Я приберег для себя Салиму, это моя пушка, с которой, тогда, я научился обращаться относительно недавно, взяв уроки стрельбы. Нужно быть готовым ко всему в жизни, особенно к плохому. Я предполагал, что дебют Салимы будет в ту клубную ночь, когда кто-то не упустил бы возможности упомянуть «гибель» Амира в контексте злорадства перед братьями, переживающими невообразимое горе.
***
Шли годы, Амир вернулся на свое законное место, конфликт между двумя семьями окончательно исчерпан, наша жизнь наполнилась счастливым событиями в лице моих племянников, рожденных в любви и заботе. Я стал дядей, мне привлекательна новая роль, с которой, я справляюсь, как умею. Казалось, что все идет своим чередом и ничто не предвещает беды.

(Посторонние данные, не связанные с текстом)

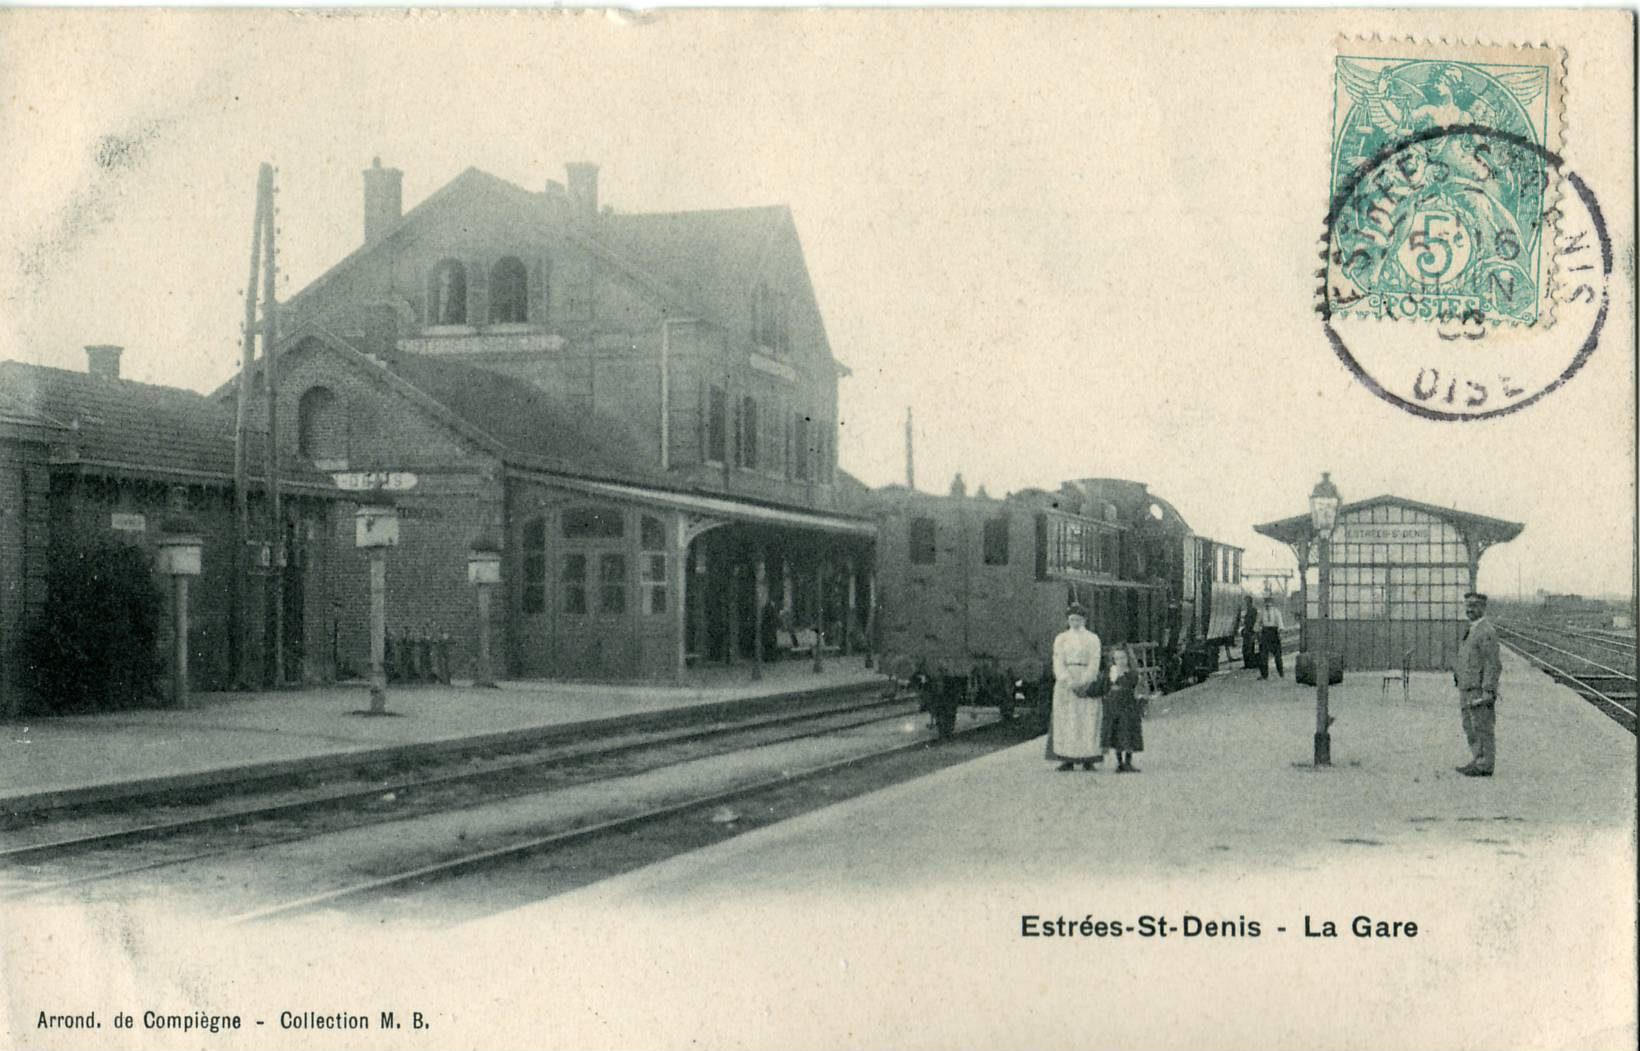 Estació d'Estrées-Saint-Denis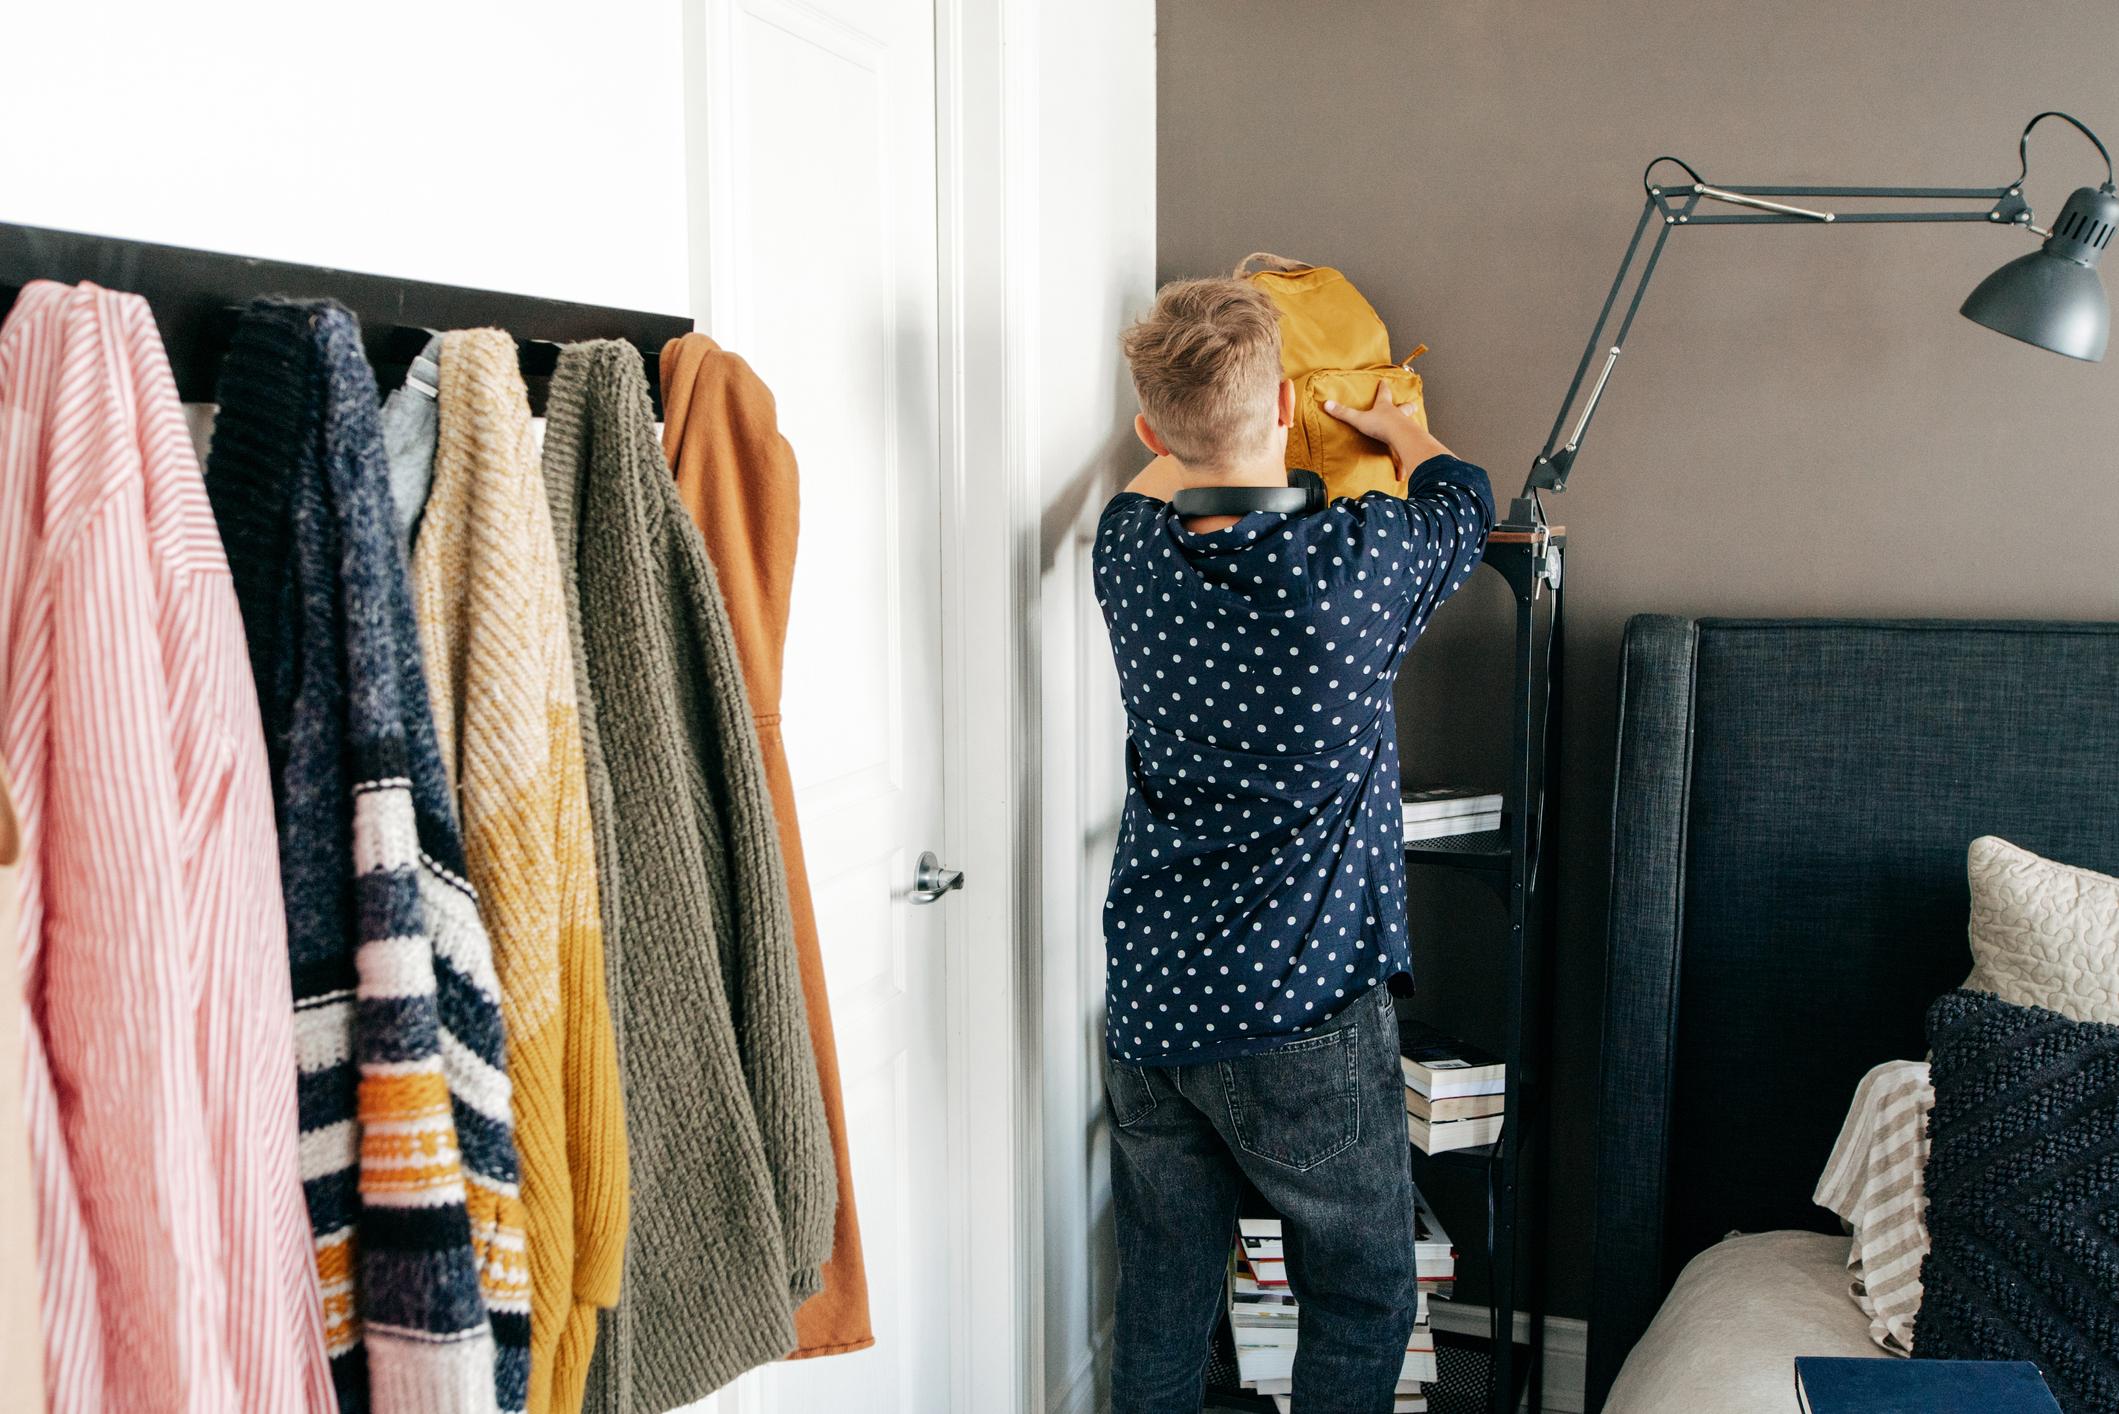 <p>Направете чистенето игра. Вместо да им кажете, че трябва да си изчистят стаята задължително, може да си направите домашно състезание и да засечете с хронометър времето, за което всеки вкъщи е изчистил дадена стая. А за награда, защото като във всяко състезание трябва да има нещо приятно, може да приготвите или поръчате пица. Децата ви ще бъдат доволни със сигурност.&nbsp;</p>

За всю свою жизнь, я выделил три тьмы, беспрекословно следующих за мной по пятам. Первая – мое желание изучать все то, что недоступно адекватной стороне человечества, а именно, дела серийных убийц, тайные собрания преступников, проворачивающих свои злодеяния, свое веселье под плотно закрытыми стенами, не способных пустить луч спасения для их жертв. Вторая – стремление окунуться в омут под ярем криков жертв и протянуть им ту самую, долгожданную руку спасения, за которую они ухватятся с упоением. И третья тьма, самая губительная, самая беспросветная – пустота, что никак не наполняется тем, что по истине имеет значения.
Роль хранителя семейного очага я не считаю тьмой, это то, что приносит мне чувство полезности и успокоения, это единственный луч, слабо освещающий мой путь в сторону жизни.